The Original Air Date (OAD) is meant to be the date that the program was first broadcast on any channel in the UK. There have been a number of errors over time with US dates being used, but we believe that this is not currently a problem.

A "First Run" season pass will record the selected program, if the OAD is within the last 28 days and the program has not already been recorded. So, (OAD + 28) is the time window that a program can be recorded as first run.

Additionally, the "28 day no re-record" rule is enforced for any specific episodic program (EP records), movies (MV records), sporting event (SP record) or one-time airing showing record (SH record). Programs of these types will only be recorded once within the 28 day period. This feature prevents the same program from being recorded multiple times.


----------



## ccwf (Dec 30, 2001)

> _Originally posted by TiVoRich _
> *Hi, I was asked to provide an answer from TiVo. I hope this helps.*


 Thanks, TiVoRich. I added a link to your post to the top answers sticky over in the Help section. (It already had a link to a previous explanation from Gary on this subject.)

Since another poster asked about it recently, I'll point out that the list of programme types covered by the 28-day rule does not include manual recordings (with manually entered start/stop times).

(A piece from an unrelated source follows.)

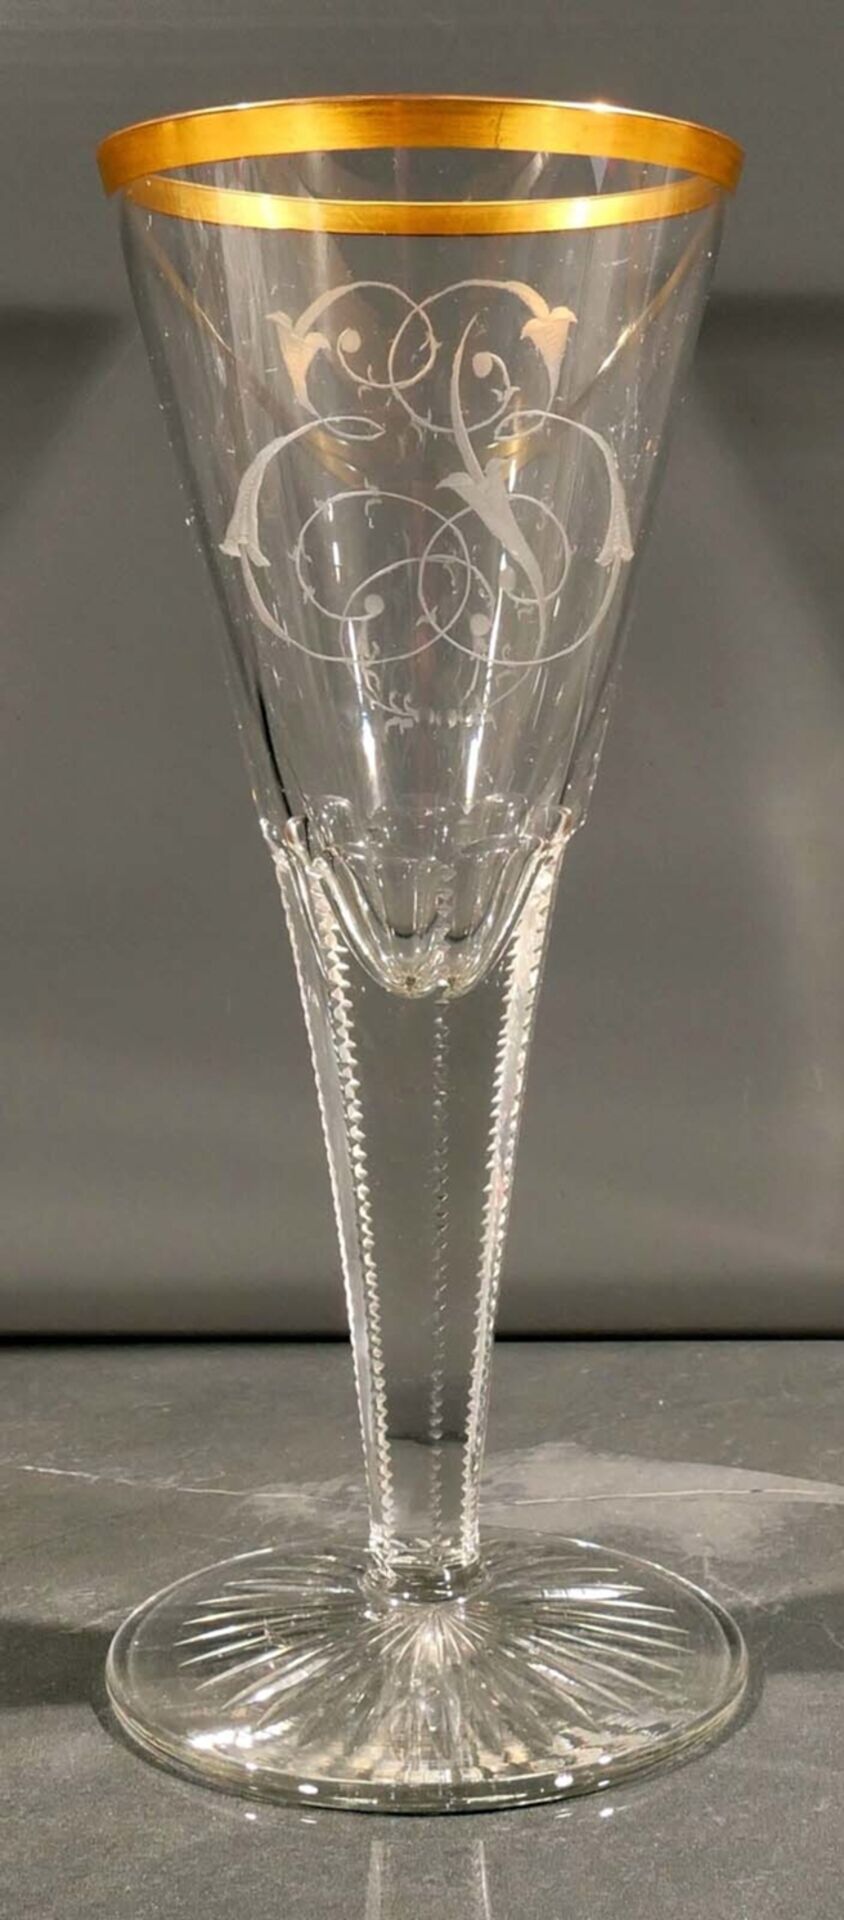 Prachtvolles Pokalglas in "Lauensteiner" - Manier, ligiertes Besitzermonogramm, Goldrand, Höhe 22 c - Bild 3 aus 6

Also, there are some additional rules to cover what happens if original air dates are missing and such.


----------



## sanderton (Jan 4, 2002)

If we're going for acompleteist thread I've never seen a SP record (sporting event) in the UK listings.


----------



## iankb (Oct 9, 2000)

We've seen a lot of sporting non-events, but then that's due to the lack of state sponsorship.


----------



## mrtickle (Aug 26, 2001)

Good to see you posting again TivoRich 



> _Originally posted by ccwf _
> *Also, there are some additional rules to cover what happens if original air dates are missing and such. *


I didn't think it was possible for the OAD to be missing? Series with generic data get an OAD which is the same for every episode. Perhaps this isn't shown on the TiVo UI?


----------



## pahunt (Apr 7, 2003)

> _Originally posted by mrtickle _
> *I didn't think it was possible for the OAD to be missing? Series with generic data get an OAD which is the same for every episode. Perhaps this isn't shown on the TiVo UI? *


I'm pretty sure that's exactly it, it's there in MFS but doesn't display on the additional data screen in the UI


----------



## lcsneil (Jun 18, 2002)

Ok guys I'm confused. If according to TivoRich's explanation a First Run programme is only recoded if we are withing 28 days of OAD why is my Tivo trying to record episode that have OAD of 1998 with First Run Only set on the Season Pass? 

e.g. 

Will & Grace 
Episode Title 
Episode Description	Hit US sitcom about two best friends, one straight, one gay. 
Episode Number 
Duration	0:30 
Original Air Date	Mon 21st Sep 1998 
Actors	Eric McCormack, Debra Messing, Sean Hayes, Megan Mullally 
Guest Stars	Ken Marino, Paul Fitzgerald 
Exec Producers	David Kohan, Max Mutchnick, James Burrows, Alex Herschlag, Dave Flebotte 
Genres	Comedy, Sitcom 
Type	Series 
Channel	113 LIVING1 
Showing Date	Tue 4th Oct 20:00 
Expiration Date	Thu 6th Oct 20:00 
Deletion Date 
Cancel Date 
Cancel Reason 
Quality	Medium 
Selection Type	Season Pass 
State	To Do 
Size	590 MB (estimated) 

Ta Neil


----------



## cwaring (Feb 12, 2002)

It's because these episodes only have 'generic' programme details, including OAD.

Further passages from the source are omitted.